Симфония времени и медные трубы - страница 46
Кухаров очень искренно говорил о своей преданности семье, о своей жене, ребёнке, стремлением к ним он объяснял и своё бегство из лагеря. И, заканчивая своё повествование, Кухаров заключил так:
– И вот вдруг вы суёте мне револьвер, деньги! Ну деньги-то пустяковые, но ведь револьвер-то может принести любую сумму, было бы желание и немного умения! Кому же вы всё это отдавали? Как же это можно так?
Егоров внимательно посмотрел в глаза Кухарову, помолчал и обратился к нему:
– Ну, Кухаров, скажите мне теперь вот что: для чего вы мне всё это рассказывали? Как рассматривать этот ваш рассказ? Как исповедь? Так ведь я не священник и простить вас за ваши грехи не могу, права не имею! Как желание излить душу? В таком случае вы должны были излить её в своё время перед следователем, прокурором, в лагере, наконец, где вы были! А я-то при чём? Ну а всё же, если уж вы мне поведали свои, и свои, прямо скажем, серьёзные, преступления, то давайте сделаем так: больше об этом говорить не будем! Будем жить по-другому. Так или иначе, вы в настоящее время в Красной Армии. Вам, так или иначе, доверили самую почётную, самую дорогую и священную для всех советских людей обязанность – службу в Красной Армии! Вы понимаете это? Отдаёте себе в этом отчёт? Вы подумайте над этим, и очень серьёзно подумайте. Ну так вот! А я и все мы рассматриваем вас как военнослужащего, и как военнослужащего вас никто не может унизить, оскорбить ваше достоинство. И мне кажется, что здесь, в Красной Армии, вас никто не упрекал, не вспоминал ваших прежних поступков! Во всяком случае, я себе этого не позволял. Так и служите честно, добросовестно, старайтесь быть образцом в дисциплине, в выполнении уставов, и ваше пребывание в армии, в любом месте, при выполнении любых обязанностей, будет всегда отмечаться положительно. Ну а уж если вы позволите себе нарушать армейские порядки, заводить свары, скандалы, склоки, тогда уж не обижайтесь! Я первый обращусь к командованию с просьбой задать вам по заслугам! Это вы помните. И никакого заступничества с моей стороны не будет. И помните, моё слово твёрдо, и решительность мою вы знаете! И, пожалуйста, не козыряйте тем, что ваш «капель» – гражданский. Все мы были гражданскими, а теперь время переменилось и все гражданские стали военными, в том числе и вы, и я, тысячи, сотни тысяч других! Вам всё ясно?

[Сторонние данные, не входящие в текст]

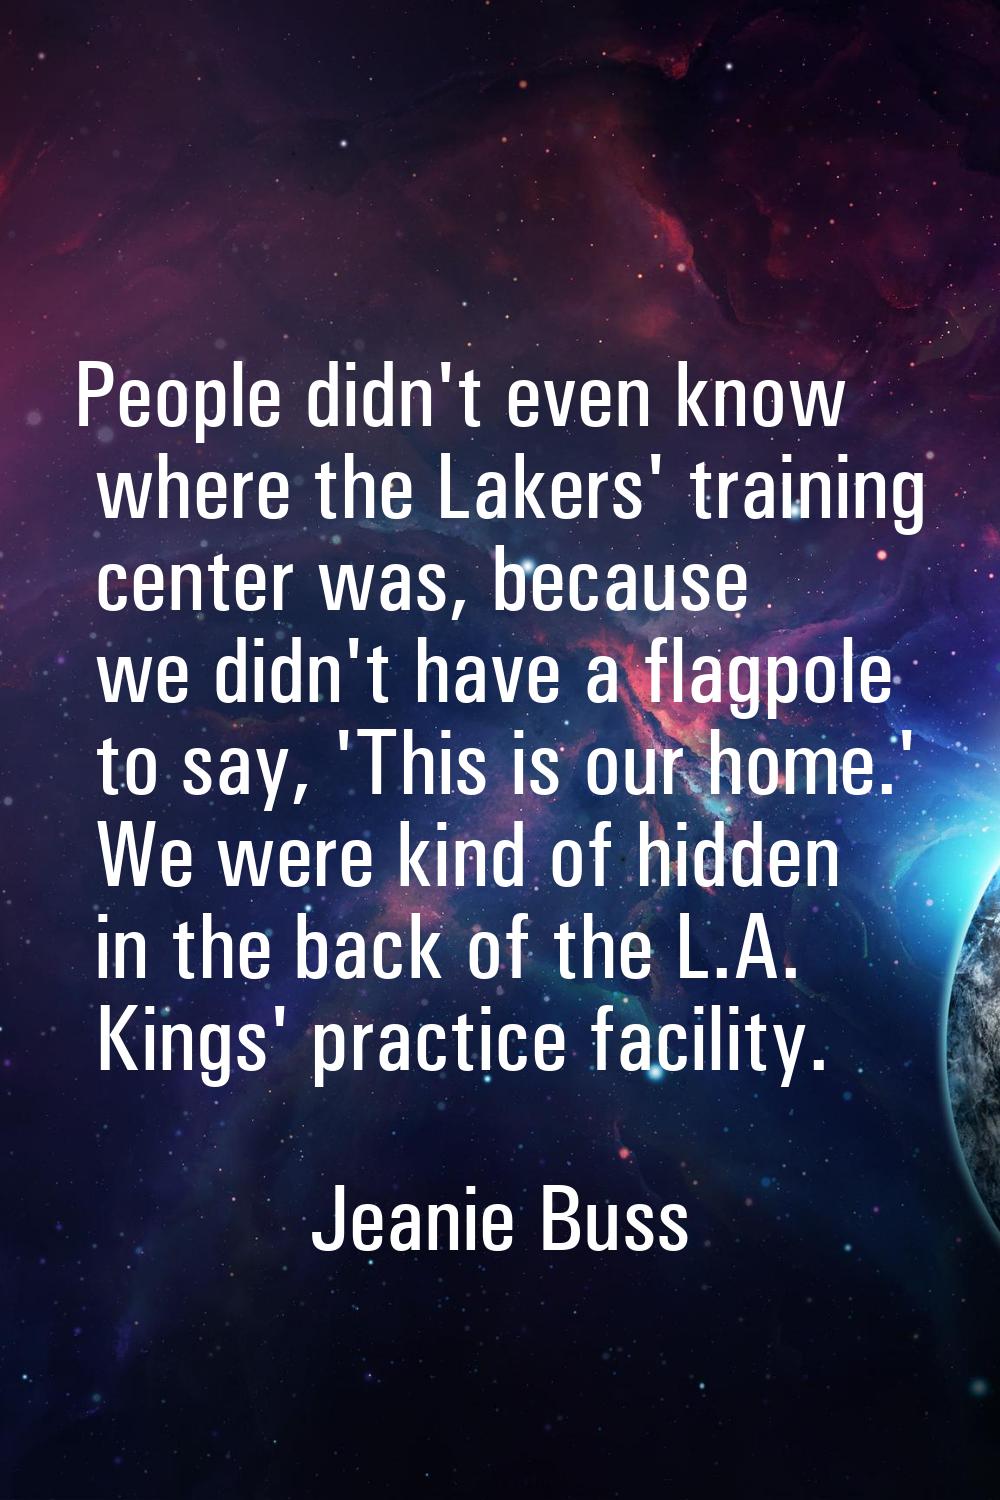 People didn't even know where the Lakers' training center was, because we didn't have a flagpole to

– Ясно… всё ясно, – ответил Кухаров и встал со своего места. – Разрешите идти, товарищ старший лейтенант?
– Куда же, собственно, вы сейчас пойдёте? При себе я вас не держу, занимайтесь своим делом, – ответил ему Егоров и начал просматривать свои ноты как ни в чём не бывало.
Через час пришли музыканты. Тишина была нарушена. Егоров работать больше не стал. От этого вечера он получил всё, что ему хотелось. Он услышал чистосердечные признания Кухарова, а личное признание всегда дороже изложенного на бумаге канцелярским стилем.
Почему-то Егоров был спокоен за Кухарова. Появилась какая-то уверенность в том, что Кухаров будет служить хорошо и никаких чрезвычайных происшествий не принесёт.
Своего отношения к Кухарову Егоров не изменил. Но отношение Кухарова к Егорову переменилось. Егоров не понимал и не догадывался о перемене этого отношения, но скоро стал замечать, что этот уголок в оркестровом доме, где стоял его стол и были его принадлежности, стал выглядеть как-то более опрятно и аккуратно. Вдруг на его пульте появлялись новенькие, тщательно отшлифованные наждаком, дирижёрские палочки, были даже с художественной нарезкой! Потом он обратил внимание на то, что вдруг пуговицы на его шинели оказывались ярко начищенными (пуговиц-то было только две, и то на хлястике, но блестели они как настоящее золото). Дошло дело до того, что однажды он обнаружил свои перчатки, на которых было несколько потёртостей, а проще говоря, дырочек, очень аккуратно заштопанными. В конце концов он обратился с вопросом к старшине Сибирякову. Старшина, дескать, всё должен понимать и во всём разбираться.